What other applications beyond congestion control could benefit from the proposed methodology of learning interpretable closed-form policies from RL agents

The methodology of learning interpretable closed-form policies from RL agents through symbolic regression can be applied to various other domains beyond congestion control, including: Financial Modeling: Predicting stock prices, portfolio optimization, or risk assessment by learning closed-form policies from RL agents can provide transparent and actionable insights for financial decision-making. Healthcare: Developing personalized treatment plans, predicting patient outcomes, or optimizing hospital resource allocation through interpretable policies derived from RL agents can enhance healthcare delivery and patient care. Autonomous Systems: Enhancing decision-making processes in autonomous vehicles, drones, or robotic systems by learning interpretable policies from RL agents can improve safety, efficiency, and adaptability in dynamic environments. Energy Management: Optimizing energy consumption, grid stability, or renewable energy integration through interpretable policies learned from RL agents can contribute to sustainable energy practices and cost-effective energy management strategies.

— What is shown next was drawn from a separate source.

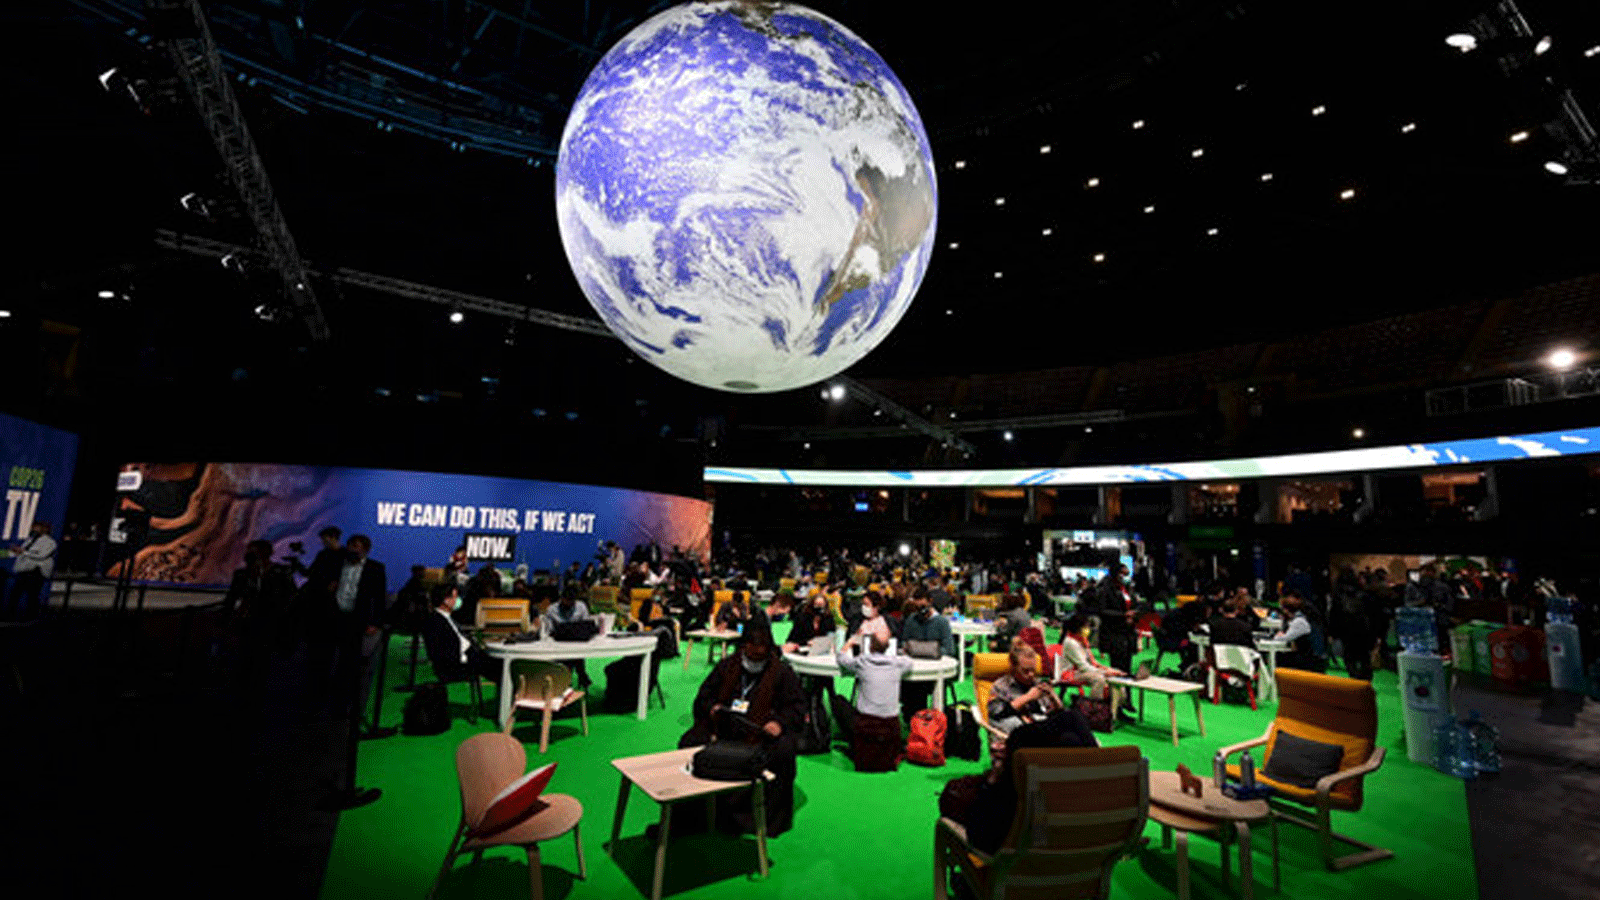 المندوبون يجلسون في منطقة العمل أثناء حضورهم اليوم الثالث من قمة المناخ COP26 للأمم المتحدة في غلاسكو يوم الأربعاء 3 تشرين الثاني/ نوفمبر 2021
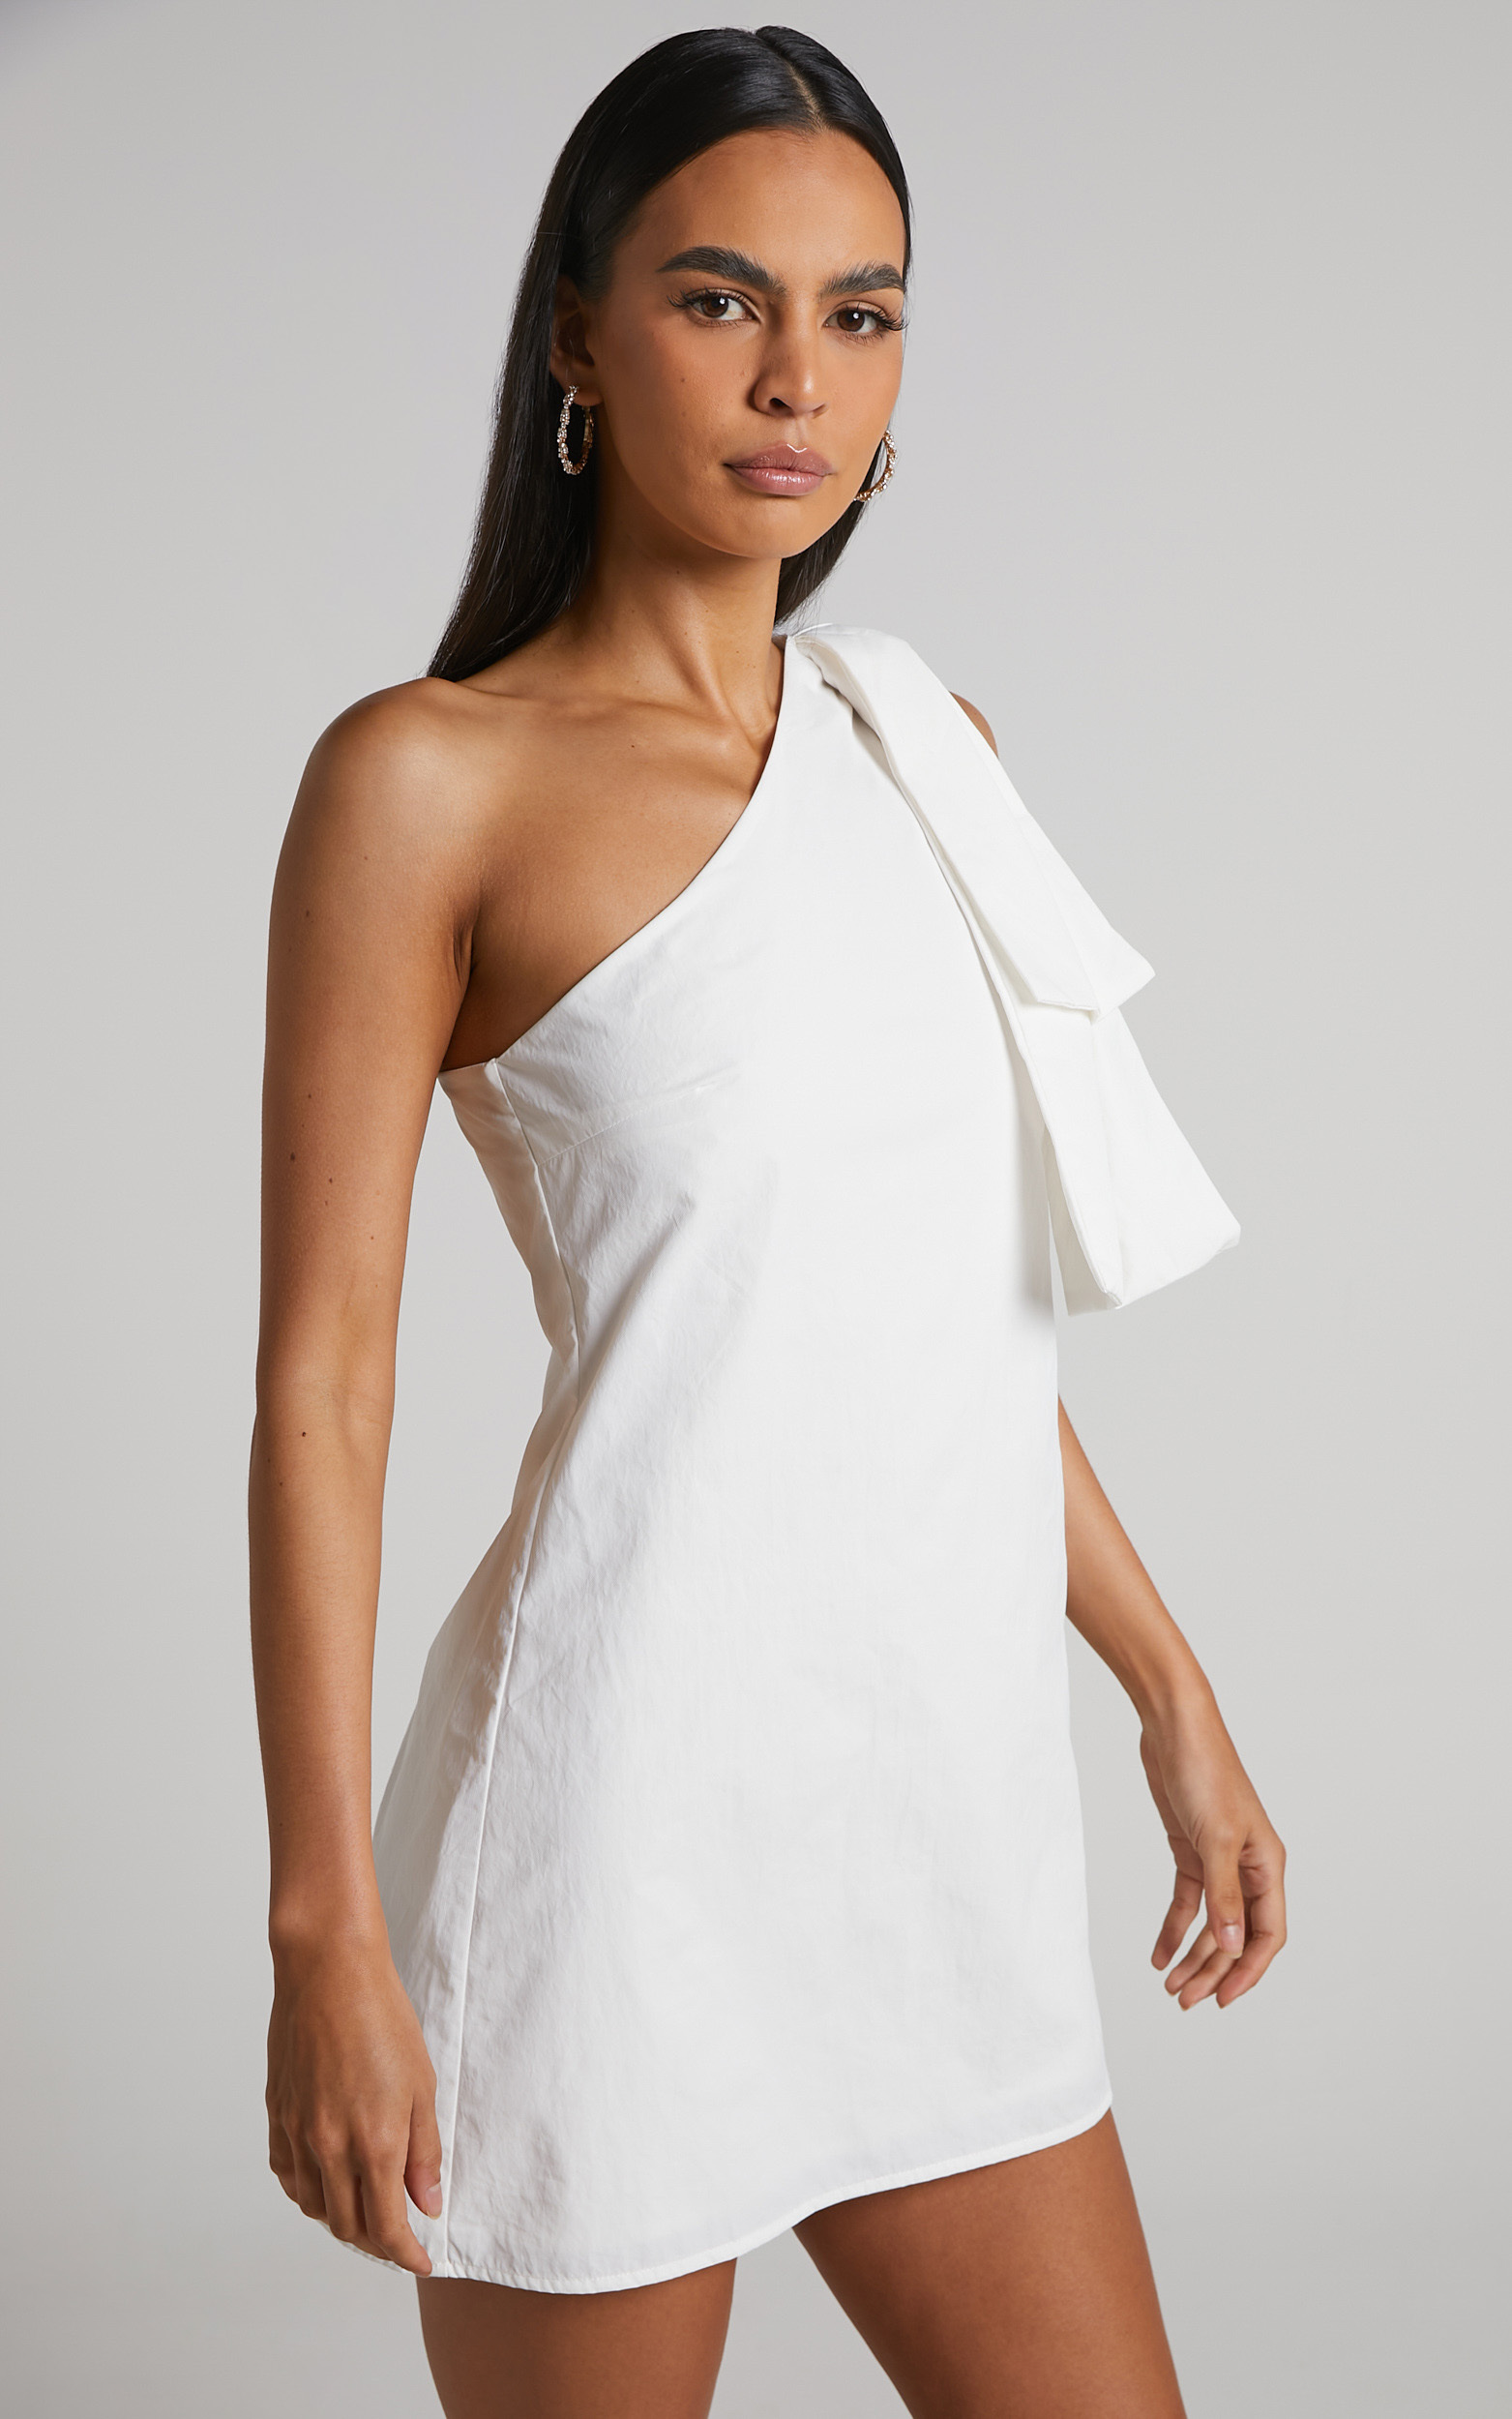 Khirara Mini Dress - One Shoulder Bow Detail Dress in White | Showpo USA

How could the symbolic policies be extended to handle more complex network dynamics, such as heterogeneous traffic patterns or dynamic network topologies

To extend the symbolic policies to handle more complex network dynamics such as heterogeneous traffic patterns or dynamic network topologies, the following approaches can be considered: Dynamic Token Selection: Implementing a mechanism where the symbolic regression model dynamically selects relevant tokens based on the observed network dynamics can adapt the symbolic policies to varying traffic patterns and network configurations. Temporal Consideration: Incorporating temporal information into the symbolic regression process, such as recurrent neural networks or attention mechanisms, can enable the model to capture the time-dependent nature of network behaviors and adjust the symbolic policies accordingly. Multi-Agent Reinforcement Learning: Extending the symbolic regression methodology to multi-agent reinforcement learning scenarios can facilitate the development of policies that account for interactions between diverse agents in the network, accommodating heterogeneous traffic patterns and dynamic topologies more effectively. Transfer Learning: Leveraging transfer learning techniques to fine-tune symbolic policies learned from one network scenario to another with different dynamics can expedite the adaptation process and enhance the model's performance in handling diverse network conditions.